[What needs to be done]:
Restate the data exactly as given and keep the pictures out.

====== Data ======

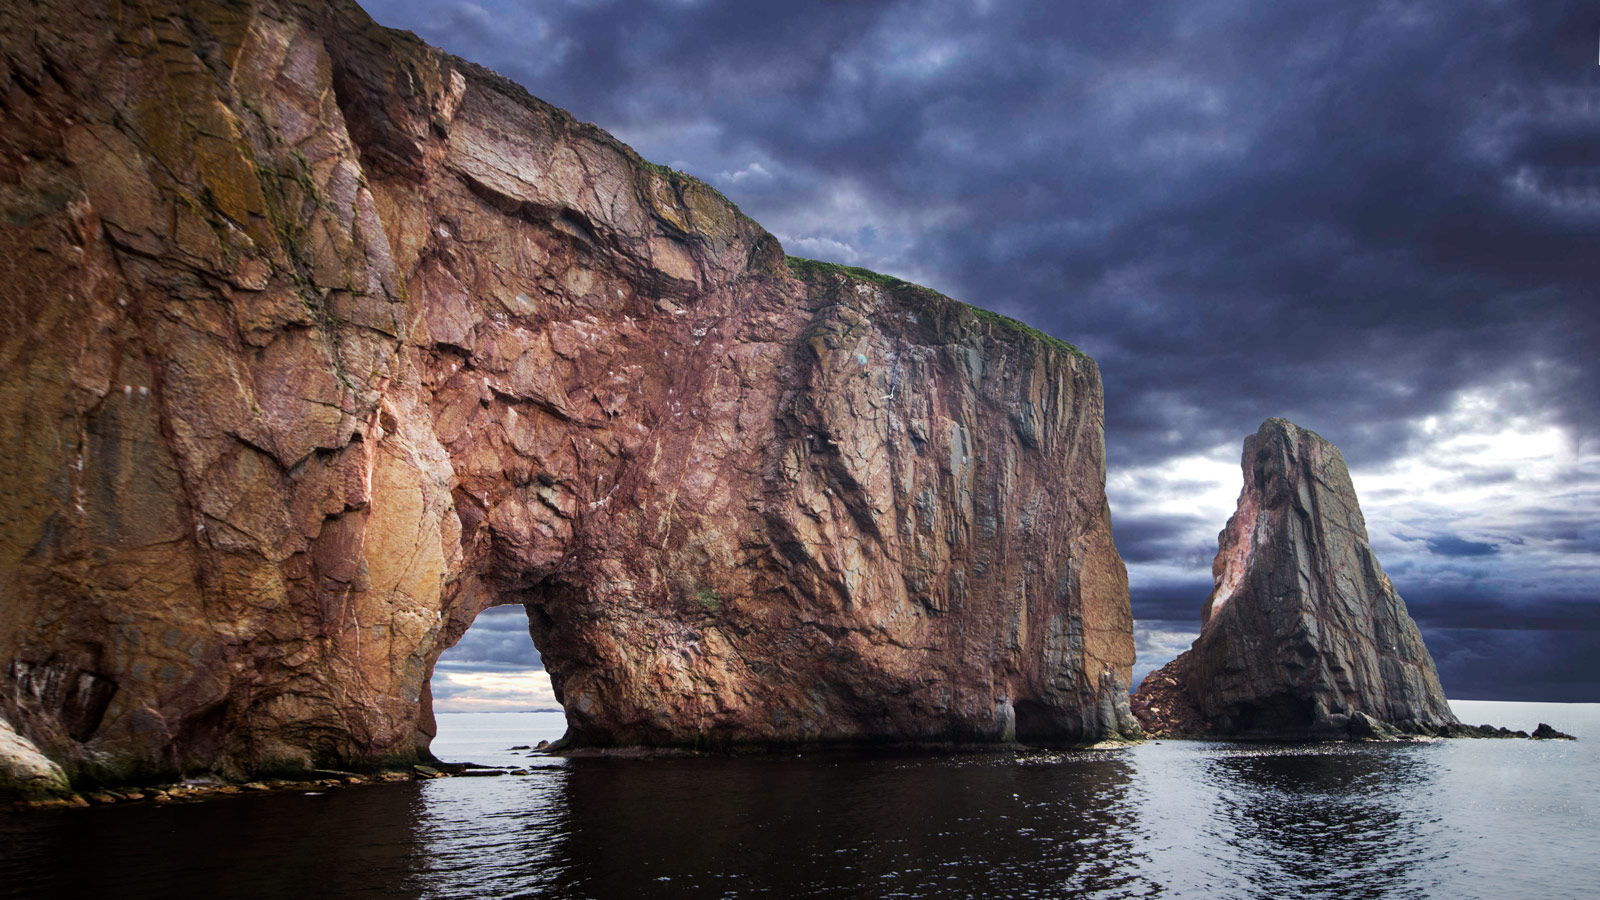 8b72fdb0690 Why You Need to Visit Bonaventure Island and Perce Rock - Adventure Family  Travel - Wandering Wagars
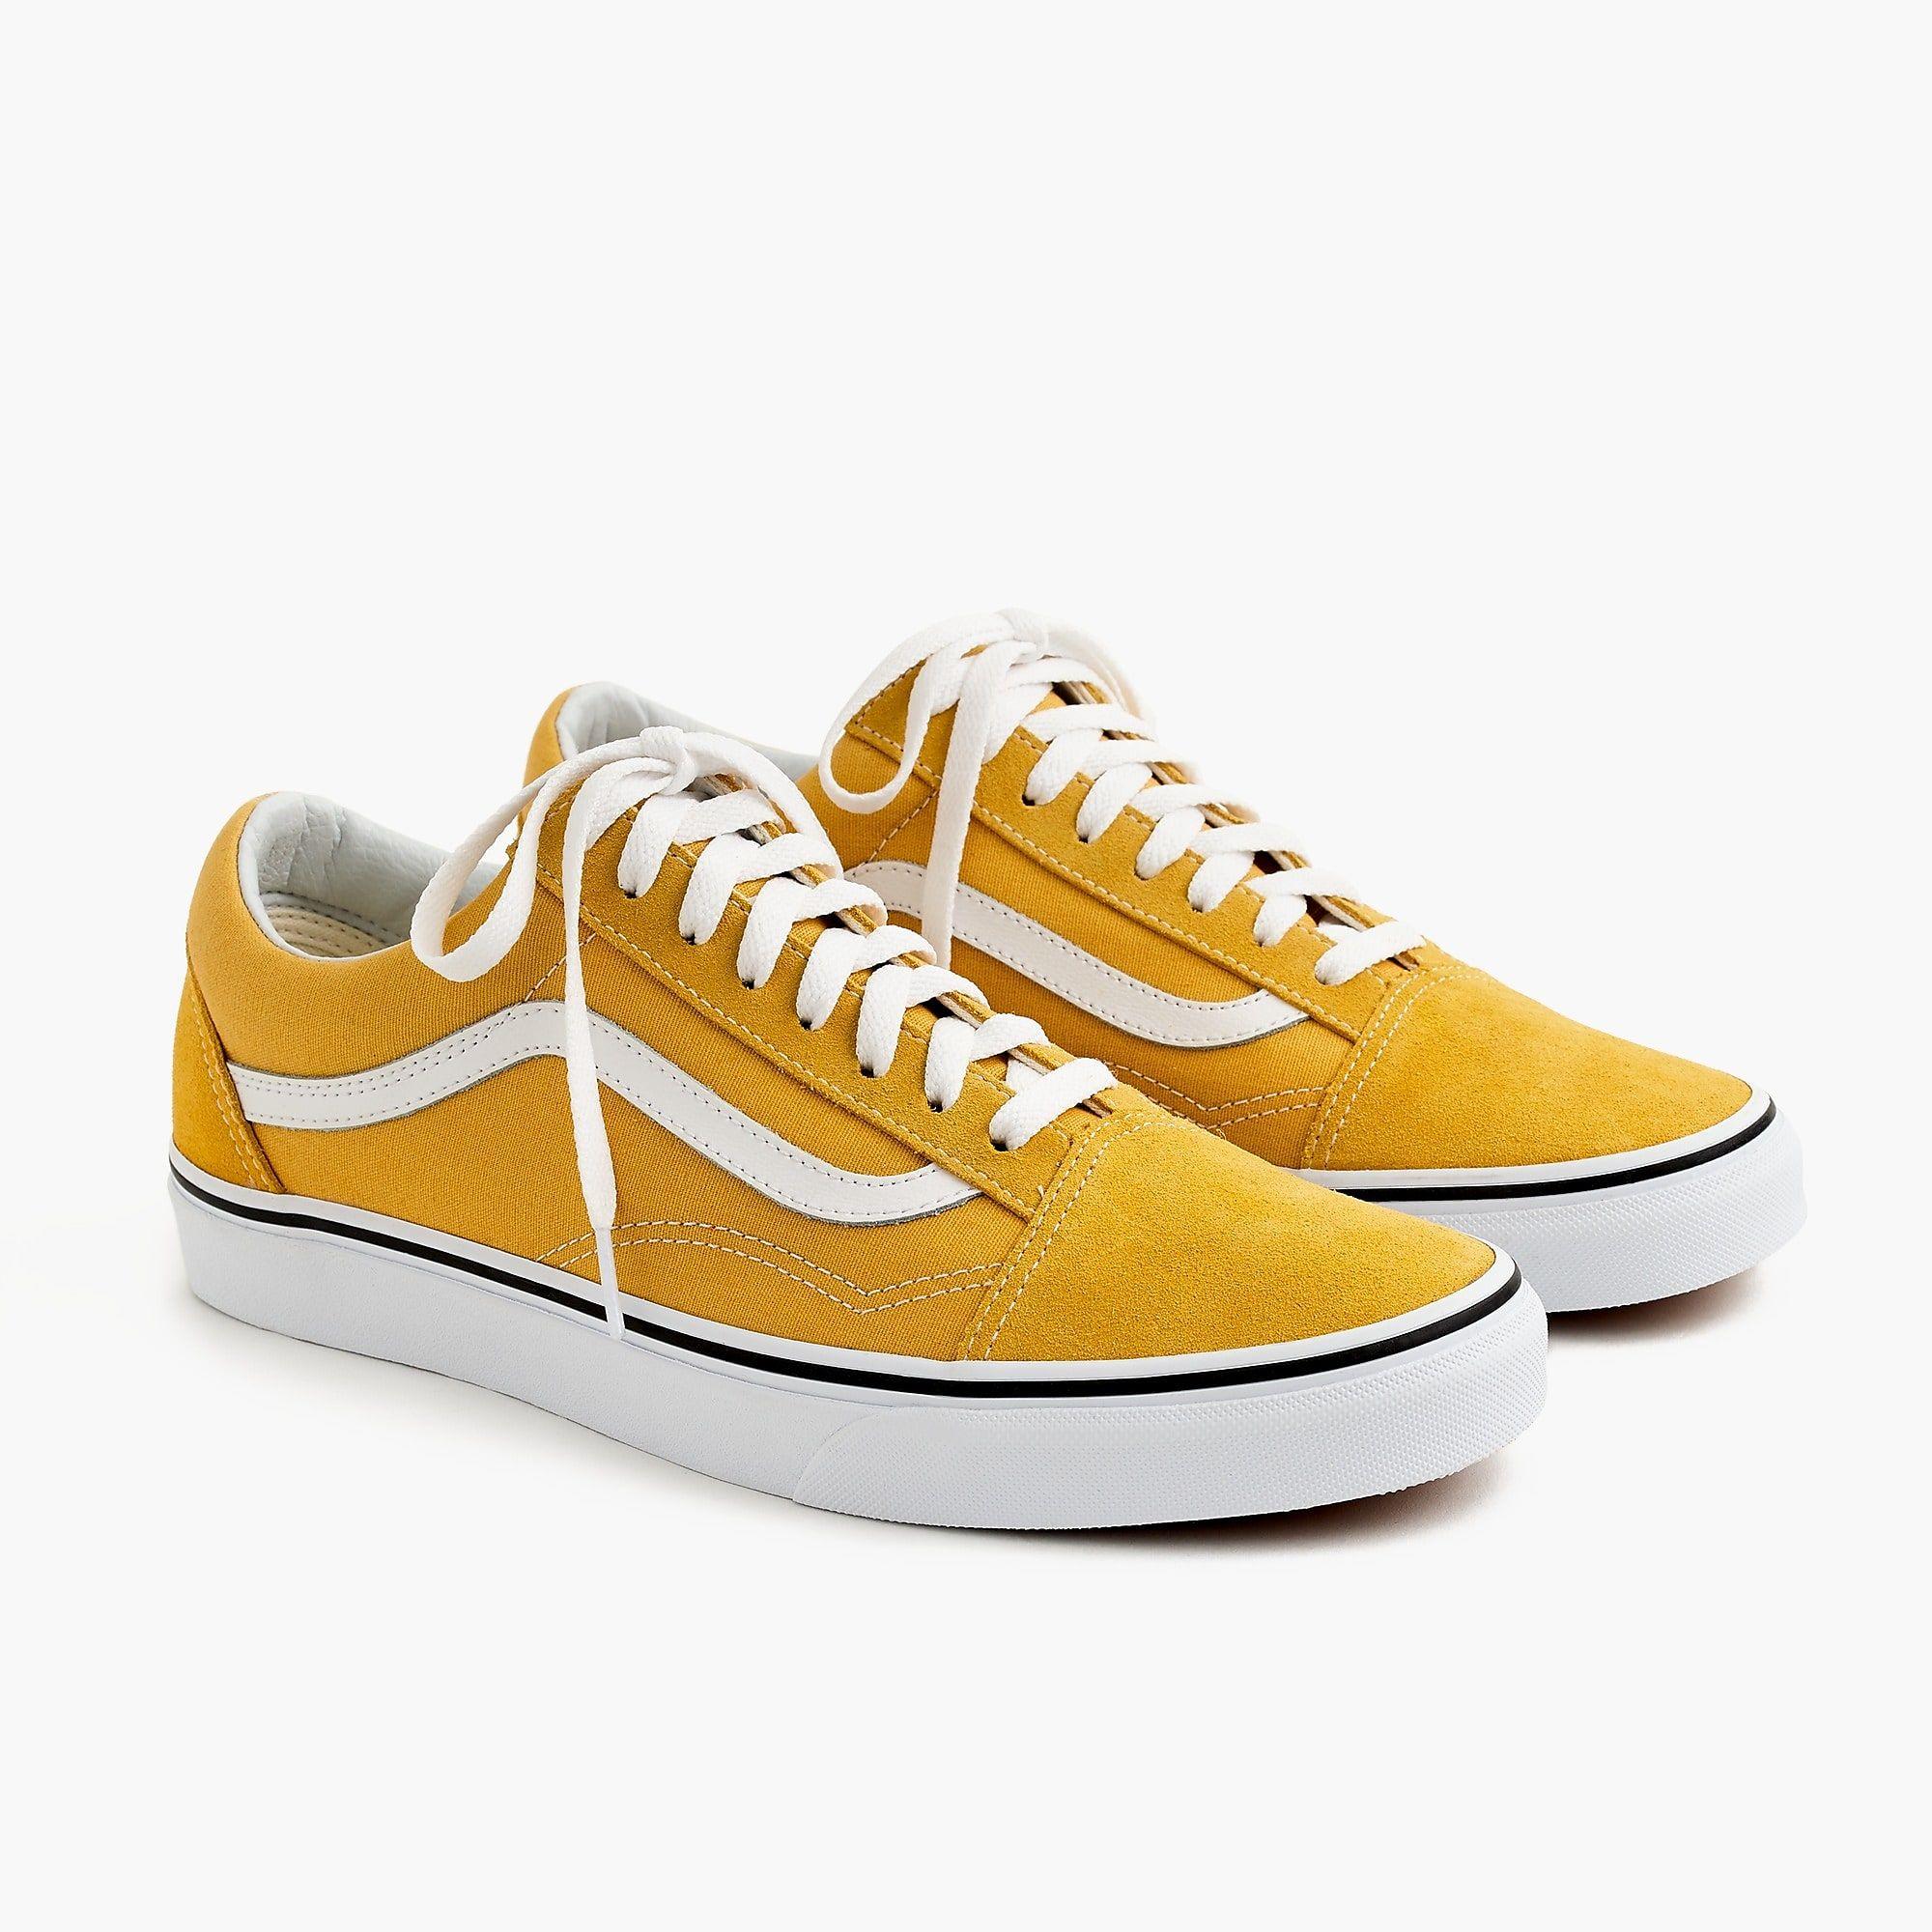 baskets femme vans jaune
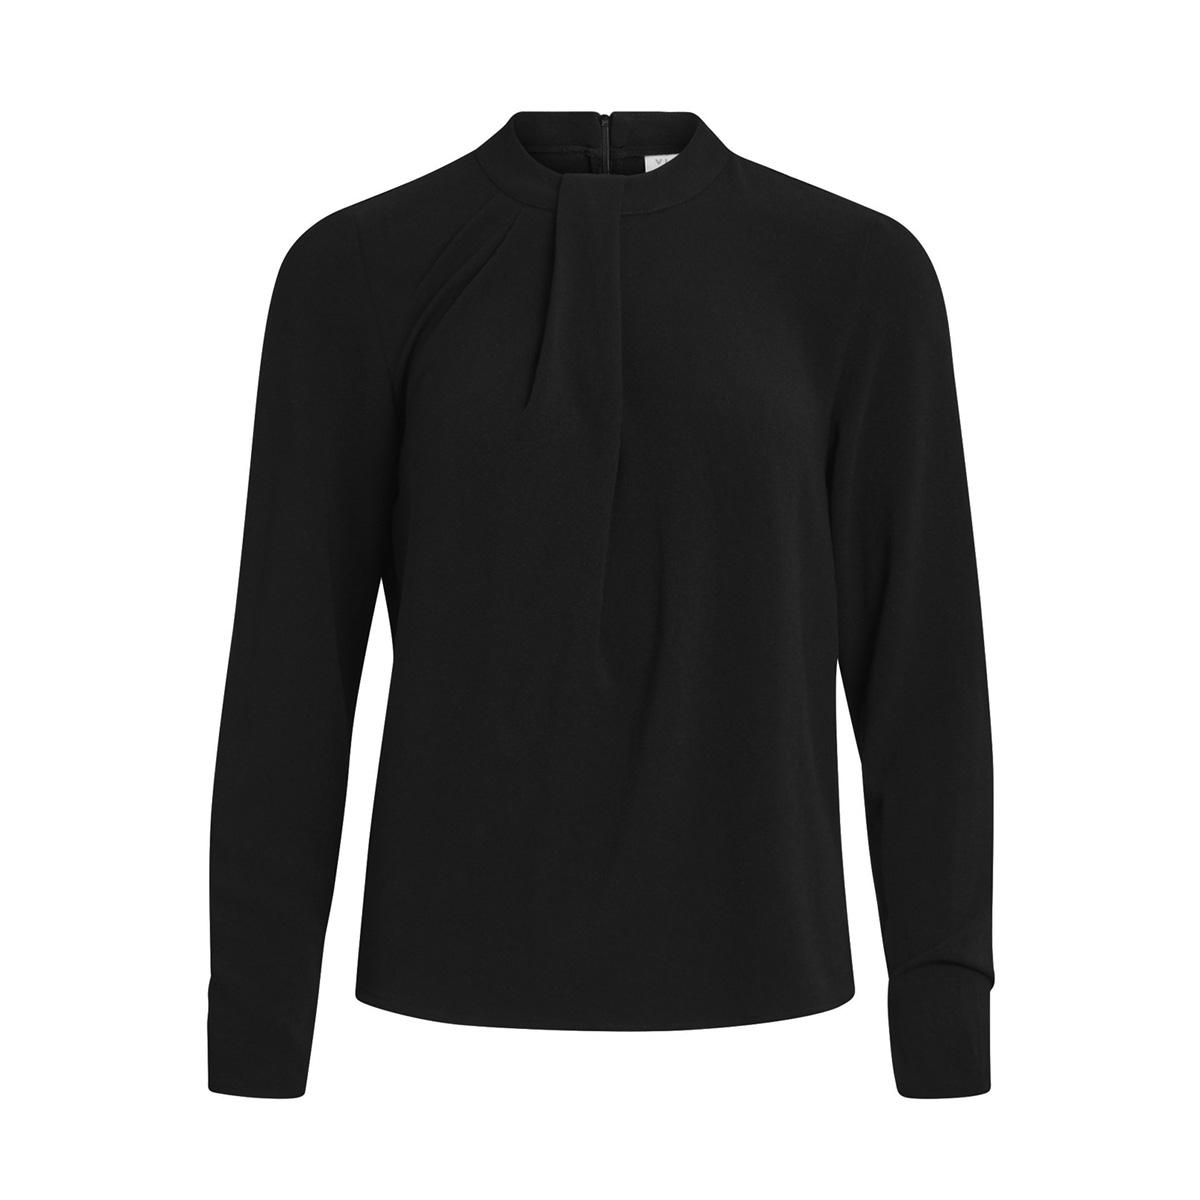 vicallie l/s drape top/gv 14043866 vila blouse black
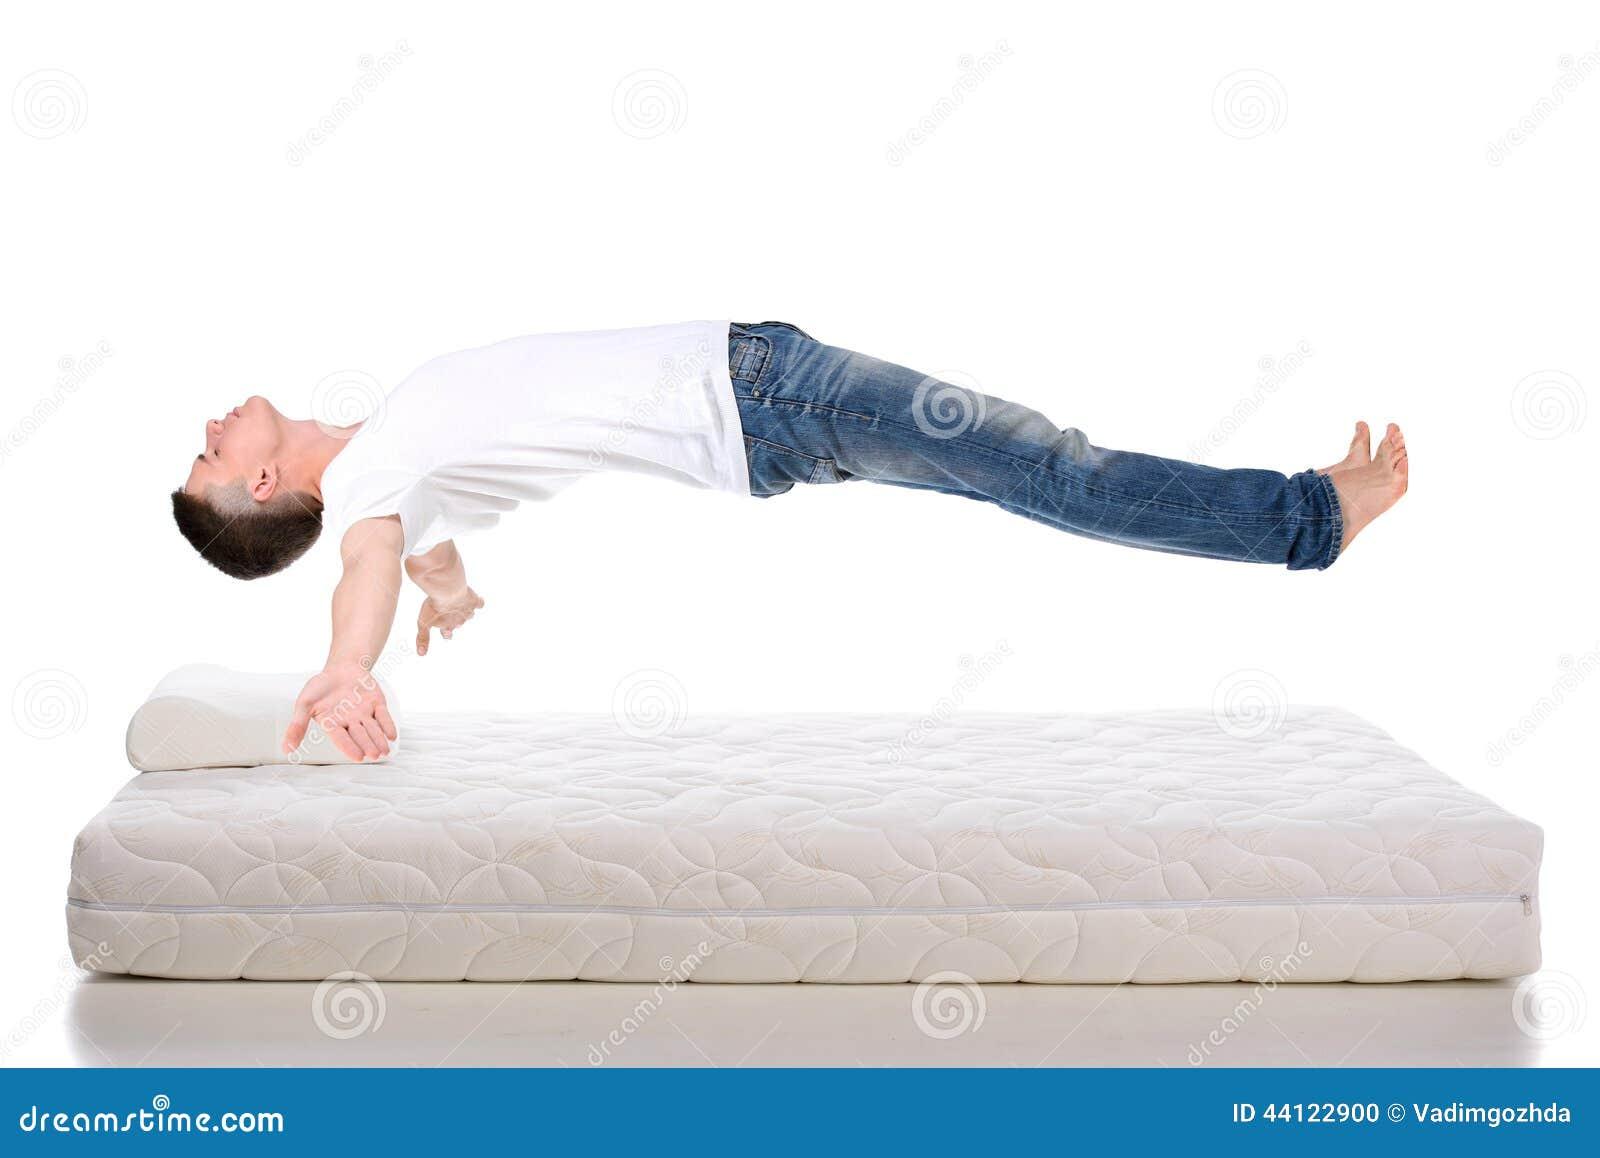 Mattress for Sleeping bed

======

[Response box]:
 8b72fdb0690 Why You Need to Visit Bonaventure Island and Perce Rock - Adventure Family  Travel - Wandering Wagars
 baskets femme vans jaune
 vicallie l/s drape top/gv 14043866 vila blouse black
 Mattress for Sleeping bed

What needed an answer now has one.